Плещеев слушал лекции по русской словесности П. А. Плетнева — ректора университета с 1840 года, — человека весьма образованного, проницательного, популярного в литературных кругах, но этот «мирный эстетик» одобрял далеко не всякую самобытность суждений своих питомцев.
Впрочем, к Плетневу студенты и особенно студенты-филологи относились с большим уважением, хорошо зная, что он был на «ты» и дружен с самим Пушкиным, что его даровитое критическое перо сыграло значительную роль в литературе 30-х годов, а редактируемый им ныне пушкинский «Современник» является одним из авторитетных литературных журналов[9].

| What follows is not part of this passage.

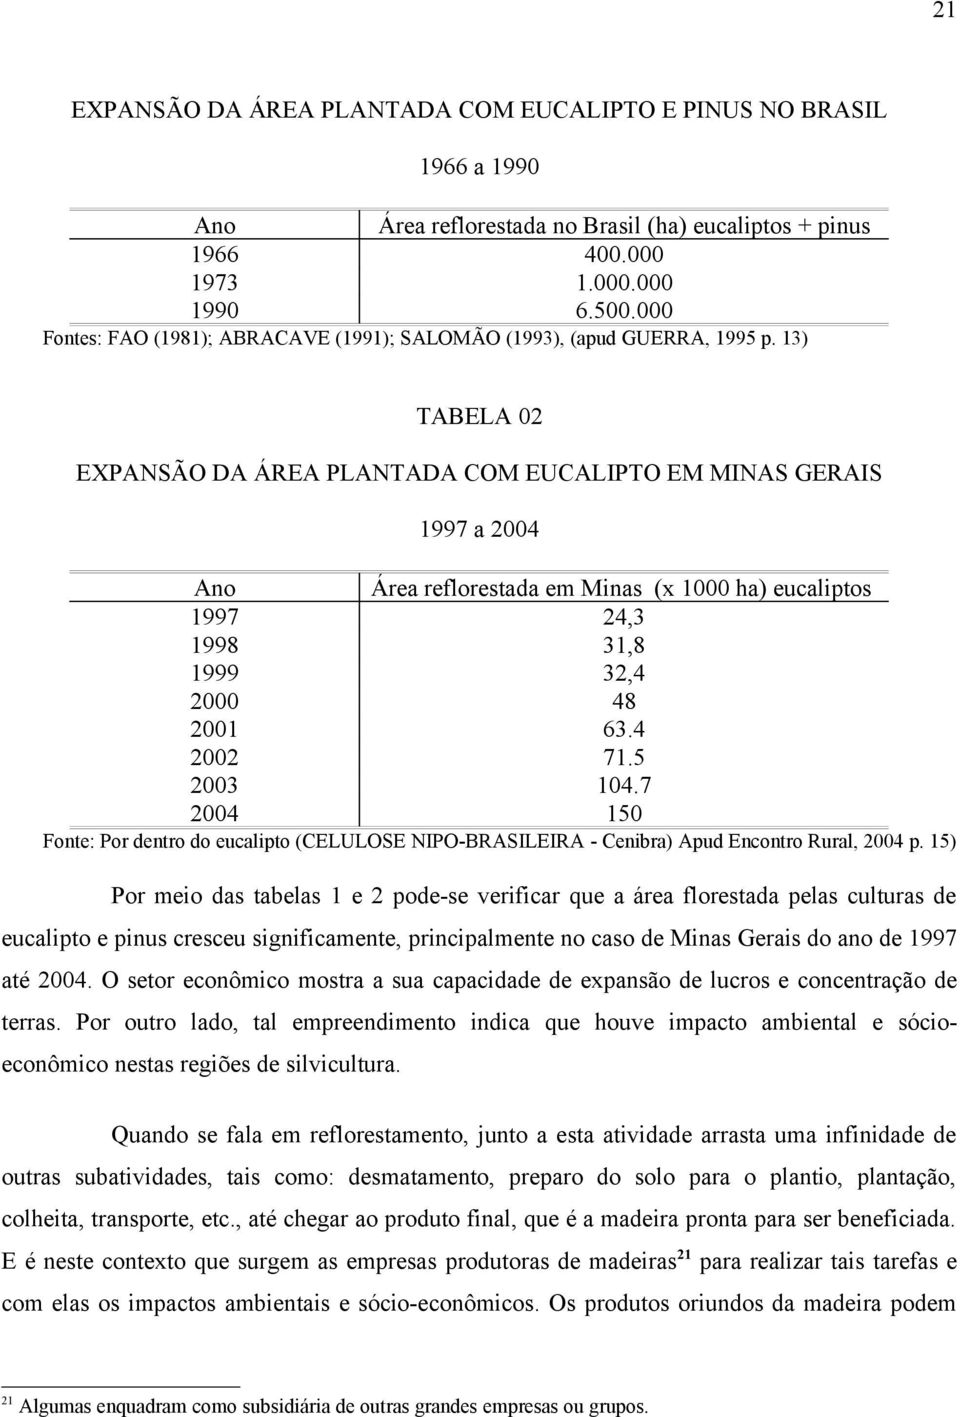 13) TABELA 02 EXPANSÃO DA ÁREA PLANTADA COM EUCALIPTO EM MINAS GERAIS 1997 a 2004 Ano 1997 1998 1999 2000 2001 2002 2003 2004 Área reflorestada em Minas (x 1000 ha) eucaliptos 24,3 31,8 32,4 48 63.

Курс всеобщей истории вел И. П. Шульгин, политической экономии — В. С. Порошин — восторженный поклонник Фурье, философии — А. Е. Фишер; Н. Г. Устрялов читал лекции по русской истории. Это были люди, добросовестные в профессиональном отношении к делу, но, за исключением Порошина, все предпочитали держаться официальной программы. И первоначальное благоговейное отношение Плещеева к университету резко пошло на убыль — настолько ординарными, бесцветными были многие лекции, которые доводилось ему слушать.
Аналогичную метаморфозу «восторг — разочарование» испытали и другие студенты университета, с которыми сошелся Алексей Плещеев в первый год своего студенчества: Андрей и Николай Бекетовы, Владимир Милютин, Дмитрий Ахшарумов, Николай Мордвинов. Но, в отличие от Плещеева, они не воспринимали это так болезненно, ибо раньше мечтателя Плещеева уяснили себе причину университетской казенщины. Алексей же сначала тяжело переживал неудовлетворенность от посещения лекций, так как жадно стремился наверстать упущенное за время юнкерской муштры. Кроме того, он склонен был считать, что «под знаменем науки» возможен союз единомышленников особого рода — союз бескорыстных подвижников, который он надеялся найти в университетских стенах. Его мечтательная поэтическая натура жаждала увидеть в этих стенах подлинное братство единомышленников, и в отсутствии такого крепкого единения он был склонен винить (и не без основания) прежде всего тех же профессоров-догматиков, профессоров-схоластов, убивающих своими скучными лекциями живую душу любой науки.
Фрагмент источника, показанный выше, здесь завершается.